Неожиданностью на таком фоне могут показаться стихи вагантов с откликами на политическую современность — призыв к крестовому походу, плач о Ричарде Львиное Сердце, стих о татарском нашествии. Все они написаны серьезно и прочувствованно, без тени вагантской насмешливости. Это — прямое продолжение той традиции стихов, посвящаемых императорам и князьям, которая нам уже знакома по «Кембриджским песням»; только кругозор стихотворцев за сто лет естественно расширился от пределов их герцогства или архиепископства до пределов всей Европы, а бродячая жизнь стихотворцев сделала их естественными разносчиками этой агитационной лирики своего времени по всем концам доступного им мира.
Меньшей неожиданностью должны казаться у вагантов сюжетные стихи и песни — сказки и новеллы в стихах: их мы тоже видели в «Кембриджских песнях», и притом уже в отлично развитом виде. Но здесь нас ждет иное: у вагантов классического времени решительно меняется и тематика и стиль разработки этих песен-баллад. Вместо народных сюжетов перед нами — книжные, ученые: о Трое, о Дидоне, об Аполлонии Тирском; даже бравирующий своей вульгарностью Примас Орлеанский, взявшись за рассказы в стихах, берет их предметом Трою, Орфея перед Плутоном и Одиссея перед Тиресием. Вместо связного повествования с экспозицией и последовательным переходом от этапа к этапу перед нами вольная композиция, выхватывающая и разрабатывающая отдельные, наиболее яркие моменты: история Дидоны превращается в арию (по выразительности мало уступающую «ариям покинутой Дидоны» из многочисленных опер нового времени), свободно сплетающую эпизоды прошлого, настоящего и будущего героини, а история Аполлония Тирского предстает таким нагромождением неразвернутых намеков и необъясненных имен (подаваемых то от первого, то от третьего лица, но все время в едином приподнятом и напряженном эмоциональном тоне), что смысл ее может понять только слушатель, заранее знакомый с сложным сюжетом античного романа. Баллады вагантов обращены не к простонародной, а к просвещенной публике, способной оценить «высокие» сюжеты и изысканную их разработку, — это главная их особенность. К ней мы еще вернемся.

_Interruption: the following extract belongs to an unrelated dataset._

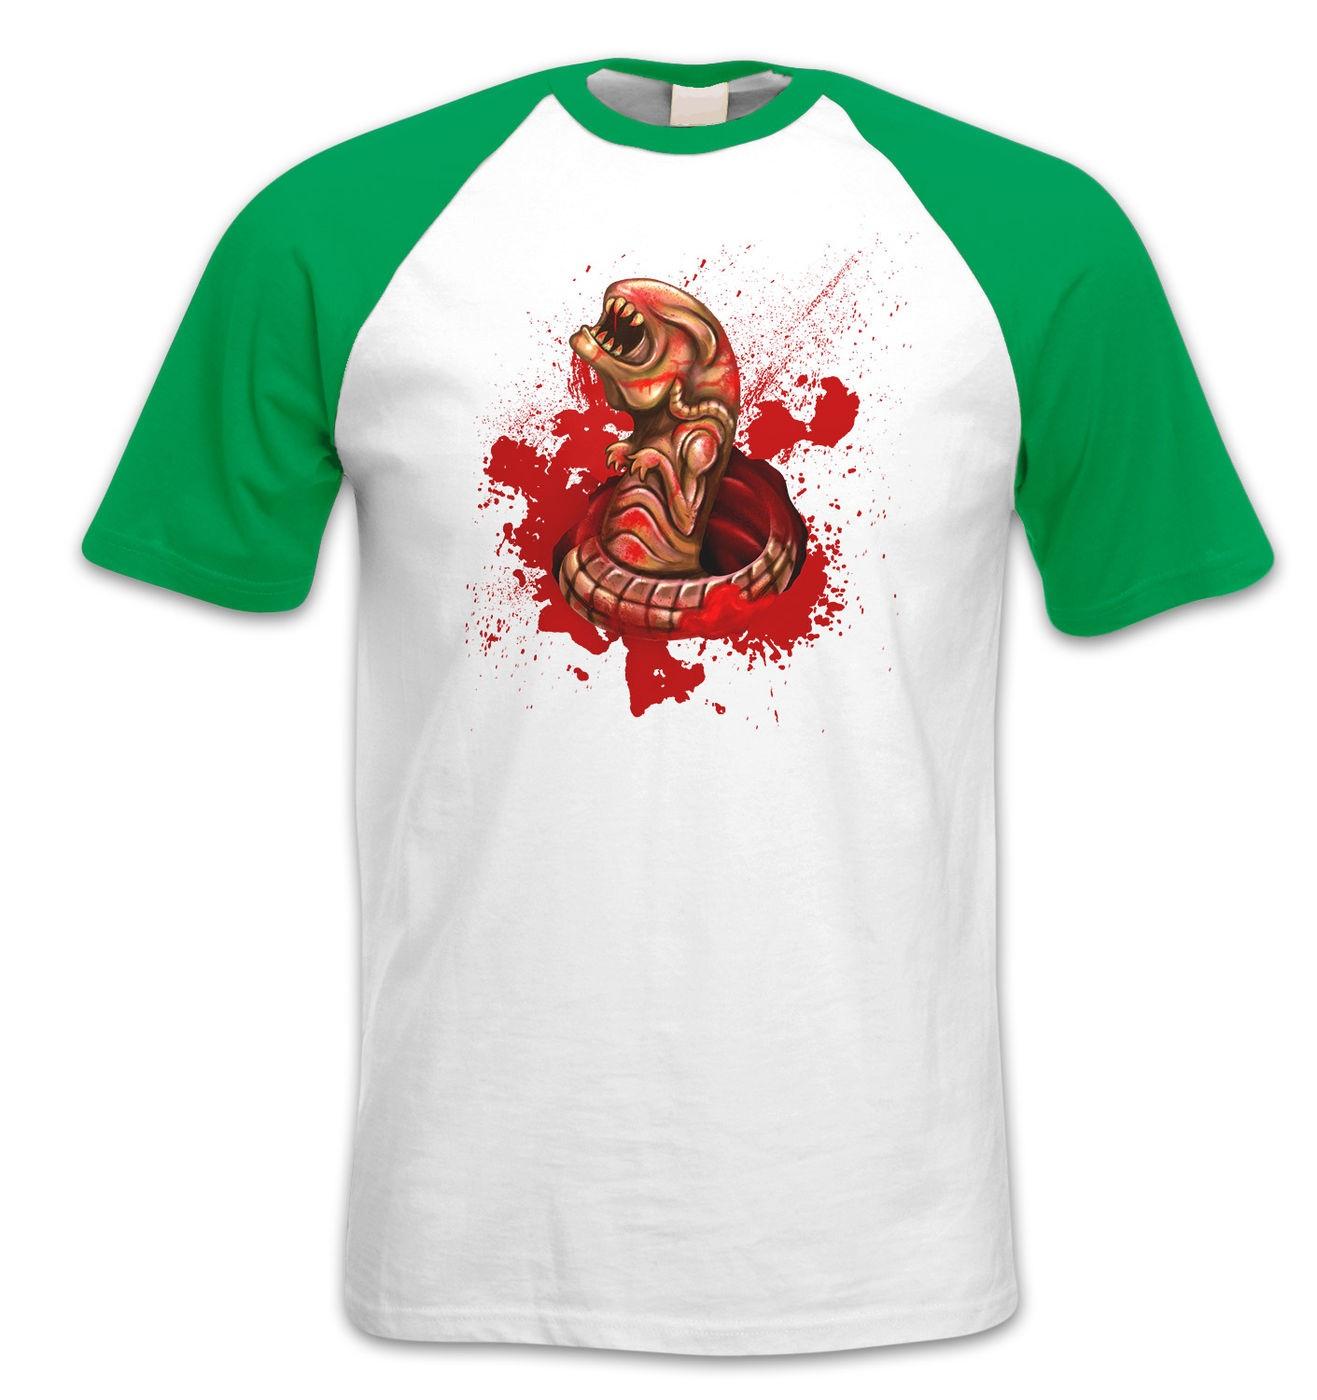 Chestburster Costume short sleeve baseball t-shirt by Something Geeky

Наконец, не надо забывать и еще одну тему, в нашем сборнике почти не представленную, но вагантам никоим образом не чужую. Это — тема религиозная. Вся средневековая латинская поэзия была религиозной по преимуществу, всякий человек, владевший латинским стихом, упражнял в нем свои силы прежде всего на гимнах в честь святых и праздников и на благочестивых размышлениях о небесном благе и спасении души; и ваганты здесь не представляли исключения. Религиозная поэзия пользовалась спросом всюду, и они ее поставляли. Нам кажется странным, как мог один и тот же человек с одинаковым вдохновением сочинять благочестивые гимны для богослужений и богохульные пародии на эти же гимны для застольных попоек. Но средневековью это не казалось странным. От средневекового гуманизма было еще далеко до ренессансного гуманизма и еще дальше — до романтического гуманизма XIX в.: человеческая личность не представлялась единой и неповторимой индивидуальностью, выражающей это единство и неповторимость в каждом своем проявлении. Что человеческая личность есть совокупность общественных отношений, — этого, конечно, средневековый человек никогда не понимал умом, но всегда чувствовал всем своим существом. Поэтому отношение к богу, отношение к сеньору, отношение к товарищам по общине, цеху или факультету, отношение к отцу, жене и детям, отношение к застольникам и собутыльникам, — все это сосуществовало в нем, сплошь и рядом нимало не мешая друг другу. Упрекать в неискренности ваганта, сочиняющего гимн святому Стефану-первомученику или назидание о том, что все помыслы человеческие должны быть устремлены к царствию небесному, — значит начисто не понимать специфики средневековой духовной культуры.
Религиозная лирика вагантов не включена в эту книгу не только потому, что она наименее интересна для современного читателя, но и потому, что она практически невыделима из той неисчерпаемой массы анонимной религиозной поэзии, которую оставило после себя средневековье: что здесь писал вагант, а что монах-келейник, ни по каким признакам угадать невозможно. Пожалуй, только для примера помещено здесь «Прение человека со смертью» — один из самых популярных сюжетов мирового фольклора, изложенный, к тому же, характерной «вагантской строфой». Зато мы включили сюда памятник, гораздо более интересный, — «Действо о страстях господних» со стихами латинскими и немецкими. Вагантское происхождение этого произведения несомненно — оно было вставлено в Буранский сборник наряду с тремя другими религиозными драмами. Это значит, что к своеобразному и мало у нас известному жанру средневековой литургической драмы ваганты имели особую причастность.